Oh here's a quick picture that I just got this afternoon. This is another different project, but it can give you a general idea of how the enclosure and planting will look because it is also in a 65G.

I put together this display for a _Hyla versicolor_ tree frog. It has been set up for more than a year now.


----------



## SamuraiSid (Apr 21, 2012)

Those frog displays are looking good. I like the image in the background, it really adds a unique element.

The larger piece of wood looks like corkbark, but not the other one. Have you ever had mold issues?


----------



## hydrophyte (Apr 21, 2012)

Thanks so much! The larger stump is a piece that I just found out in the woods. I never have had any mold issues in this setup. It has a screen top but it gets watered everyday to maintain humidity for the frog and the plants. 

Here are a couple more picturs to show the plants. I think that this is Korean rock fern (_Polystichum tsus-simense_).







And here's a little _Gallium_ bedstraw. This is a Wisconsin plant and I found the originals shoots out in our yard at home. It grew happily enough in here all winter long. _Gallium_ is in the Rubiaceae, the same family as coffee.


----------



## hydrophyte (Apr 22, 2012)

I went to a reptile show today and scored another new roach species. I'll try to post pictures later on.


----------



## hydrophyte (Apr 23, 2012)

Here's a quick shot of my new _E. javanica_ hissers!







I really like these guys. I must admit that other hisser species are so big and spiny that they start to gross me out, but these are only a couple of inches long and not so fat.

Reactions: Like 1


----------



## Yoxigan (Apr 23, 2012)

I like hissers too! Where did you get them?


----------



## hydrophyte (Apr 23, 2012)

I got them at our local reptile swap on Sunday here in Madison, Wisconsin.


----------



## SamuraiSid (Apr 24, 2012)

So your keeping the roaches in with the frog, or was that a different viv.? Sorry, its late and Im confused.

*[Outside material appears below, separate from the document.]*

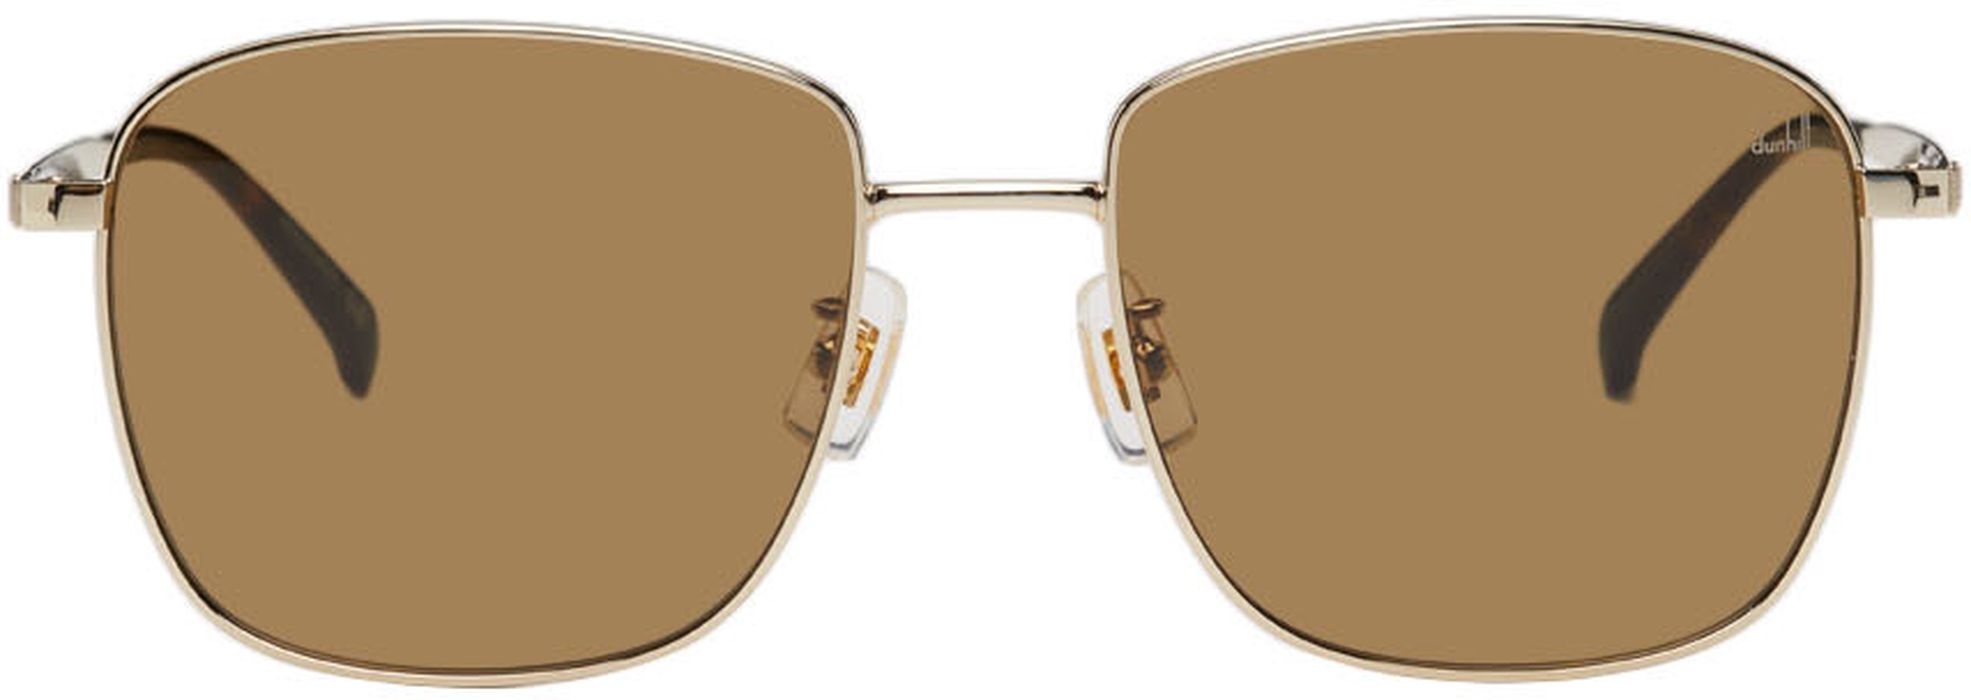 Dunhill Gold Square-Framed Sunglasses

I've heard the most challenging route of our hobby is incorporating different species in the same enclosure. If thats what your doing I think its doubly awesome, and plan on picking your brain in the future


----------



## hydrophyte (Apr 24, 2012)

No no I was just posting up some pictures that I had handy and to show the general idea for how I plan to build this new setup. The frog enclosure is strictly for that single _Hyla_ frog and I'm not putting anything else in there. 

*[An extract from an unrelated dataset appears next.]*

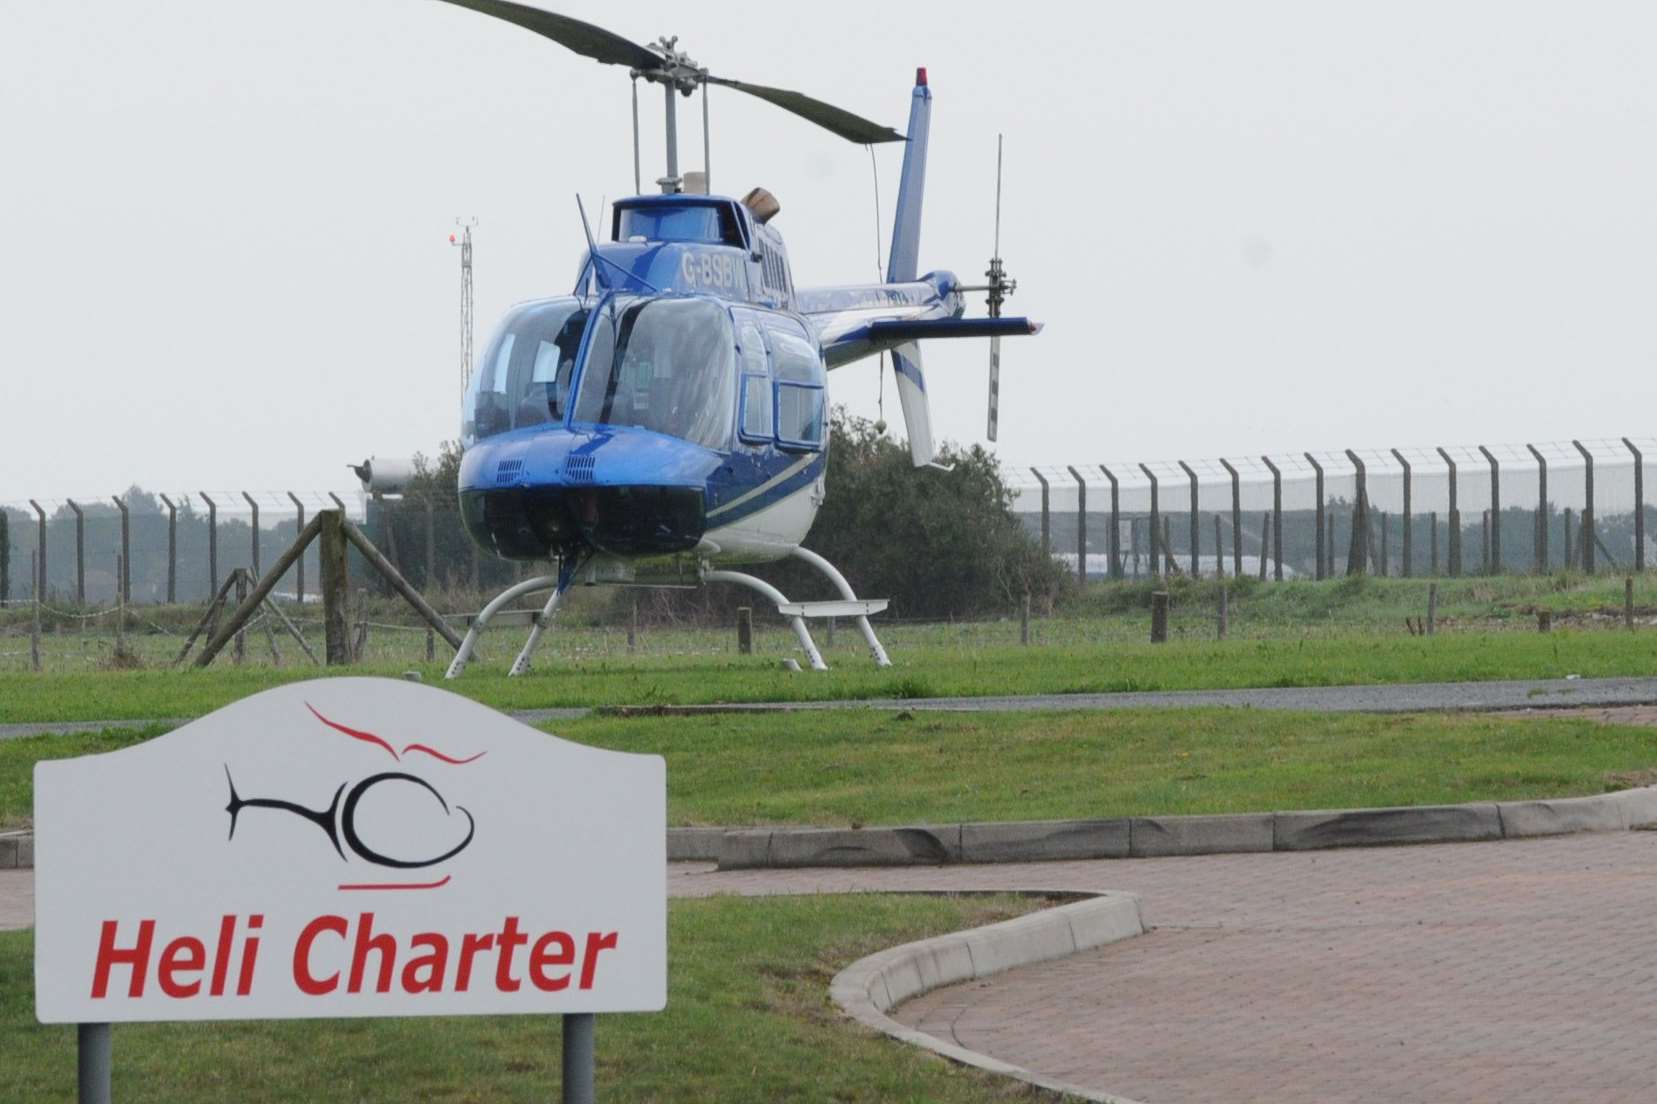 Heli Charter is based in Manston

For this new one however I do hope to combine a few different arthropod species.


----------



## SamuraiSid (Apr 24, 2012)

Thats still pretty cool. Ill be keeping an eye on this thread for updates


----------



## hydrophyte (Jun 21, 2012)

I've been working on this a little bit more. I hope to have some updates to post pretty soon.

I want to make a real dramatic planted layout.


----------



## hydrophyte (Jul 8, 2012)

It took them a while, but most of the cycad seedlings have now grown a single new leaf. This one is _Zamia furfuracea_.


----------



## hydrophyte (Jul 15, 2012)

I finally got an adult roach. Here's this newly-eclosed _B. craniifer_ death's head roach. It _really_ did not want to be in the light. I had to cheat and chill it for 10 minutes in the fridge so it would settle down a little bit for this picture.


----------



## desertanimal (Jul 15, 2012)

Cool idea for a viv.  Can't wait to see the completed plant set-up.


----------



## hydrophyte (Jul 17, 2012)

The other day when we were out in the woods I got a few reference pictures. Dead fallen logs are a characteristic part of forest habitats and they can also be visually dramatic. I want to incorporate a big dead wood feature in this viv project.


----------



## hydrophyte (Aug 2, 2012)

I have a quick plant update. This is the Mexico cycad _Zamia vasquezii_. It decided to grow two cones. I don't know if it's happy in the humid viv conditions because it hasn't grown any new leaves at all. The cones are pretty cool anyway. It will be interesting to watch them open up.


----------



## Metasolpuga (Aug 4, 2012)

Very lovely setup! I'm sure your roaches will be very happy with it.


----------



## skullking (Aug 28, 2012)

That looks amazing. I cant wait to see the finished product. How many local plants are you using? Im from wisconson as well abut dont know too much about our plants.


----------



## longviewsteven (Aug 28, 2012)

Looks great, keep up the good work.


----------



## hydrophyte (Sep 1, 2012)

Metasolpuga said:


> Very lovely setup! I'm sure your roaches will be very happy with it.





skullking said:


> That looks amazing. I cant wait to see the finished product. How many local plants are you using? Im from wisconson as well abut dont know too much about our plants.





longviewsteven said:


> Looks great, keep up the good work.


Thanks you guys!

There aren't many native Northern US plants that can grow well in a planted viv because most require a cold winter dormancy. There are however a few that can perform well. I have done well with most of the ferns that I have tried.

I hope to make some more headway with this project soon. 

Cheers!


----------